PARIS — “The worth of fashion is 5 euros,” said Yann Rivoallan, president of the Fédération du Prêt-à-Porter Féminin, or French federation of girls’s ready-to-wear, on the Forum de la Mode, or Fashion Forum, on Wednesday.
The style executive, who can be president of the All over the place Anytime vocational school dedicated to technology, was collaborating within the opening keynote of a sixth edition dedicated to “The Value of Fashion in a World in Movement,” alongside Pascal Morand, executive president of the Fédération de la Haute Couture et de la Mode, and Institut Français de la Mode’s general manager Xavier Romatet.
While that quantity represented the value of a T-shirt on ultra-fast fashion giant Shein, Rivoallan offered other figures, equivalent to 5 million people shopping on secondhand resale platform Vinted; 500 million, the number of garments still in good condition exported to Africa, or 50 billion, the variety of TikTok videos talking about Shein.
And “we haven’t seen anything yet,” he was quick so as to add, noting that the arrival of AI will bring further fundamental shifts. To Rivoallan, the rights and respect of staff, innovation with sober consumption in mind and traceability were among the many paths to solving the riddle of fashion’s future value.
Morand said the actual query was how you can define and quantify what “value” is, offering readings that went from the philosophical to so-called hard sciences.
“These are real topics that condition public policy and the way private and public actors can harmonize,” he continued, mentioning that the industry found itself at a specific juncture of the technological, digital and ecological revolutions.
With the style and luxury sectors representing some 150 billion euros in France, or some 2.7 percent of the country’s GDP — greater than the automotive and aviation industries combined — Romatet said fashion had “a significant dimension to weigh on absolutely needed evolutions” like ecological transition.
“That’s why France must lead the impetus for change,” he continued, citing the polarization toward either luxury or entry-level prices and changes in buying behavior among the many industry’s current mutations.
“We are going to only find answers through innovation, in fact, but most of all, in education and training, a fundamental pivot in behavior,” he said, highlighting the “market inversion” of secondhand fashion, which had grown from 1 billion to six billion euros I the space of 5 years, driven by consumer price concerns and desire for responsible purchases.
The importance of fashion and consumers’ decisions as political ones was highlighted the primary roundtable of the day. Echoing Romatet’s earlier comment about “voting with one’s bank card,” journalist and writer Mélody Thomas said “clothing has symbolic value beyond a consumer product, so long as consumers realize who made them, what they’re wearing and what image the brand carries.”
On deep societal issues equivalent to reproductive rights, diversity and inclusion, Thomas said that “it’s not visible support but transparency” that’s the important thing for brands.
This is especially essential as “we’re today in a world of symbols and signs.

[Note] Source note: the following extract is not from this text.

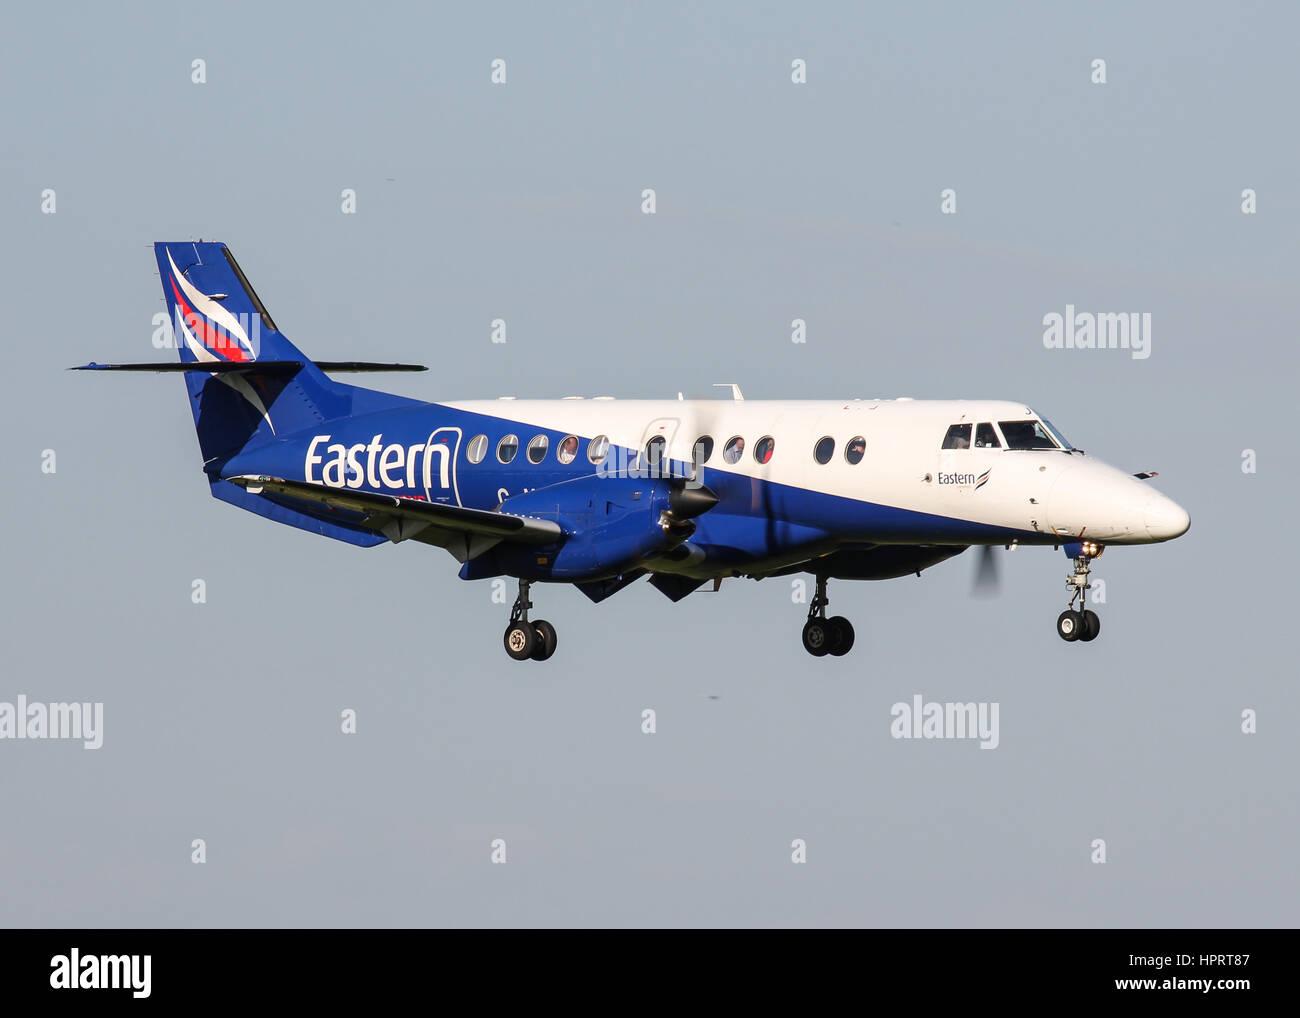 Eastern Airways BAe Jetstream 41 G-MAJL landing at Southampton Airport - Stock Image

Even a brand that might determine to haven’t any image positioning and only create clothes can be seen as [making] a press release and appeal to the ecologically committed consumers,” said fashion critic and doctoral candidate on the École des Hautes Etudes en Sciences Sociales research institution Saveria Mandella.
One other key to the long run for fashion was its heritage, but on the condition that or not it’s leveraged into recent creations and with innovation in mind, with Patou’s artistic director Guillaume Henry likening patrimony to a conversation shared between stakeholders and generations. “A house that lasts [does so] because its characteristics are transmitted from one designer to the following,” he said.
Within the age of “everlasting buzz,” Julien Tuffery, third generation and chief executive officer of denim manufacturer and brand Atelier Tuffery, said a 340-million-euro plan to support specialized “métiers d’art” crafts unveiled Tuesday by the French culture minister Rima Abdul Malak and deputy minister for trade crafts Olivia Grégoire was a robust signal of France’s desire to reindustrialize its fashion sector.
“And is [handcraft] not essentially the most beautiful answer to AI?” he mused, although he characterised this buzzy technological field as an ideal source of inspiration that wouldn’t replace human imagination.
But innovation mustn’t just be driven by the search for brand spanking new materials, reminded Nativité Rodriguez, general manager of social and environmental responsibility initiative L’Atelier des Matières, speaking at the ultimate roundtable.
At this juncture, the industry must be specializing in “having a positive impact” and on mutualizing, said Aude Vergne, chief sustainability officer of Chloé. “On this constant improvement approach, we’re asking quite a bit from our suppliers to guage and there’s real interest in mutualizing and having a standard approach because they can not answer [individual] requests from each brand,” she said.
While regulations and constraints are needed to kickstart the following era of fashion, communicating concerning the changes creates additional value for Dorothée Contour, founding father of the 13-year-old JEM Jewelry Ethically Minded brand.
“I’m convinced that example, hope and positivity that can get people on board and provides them the need to vary,” she said.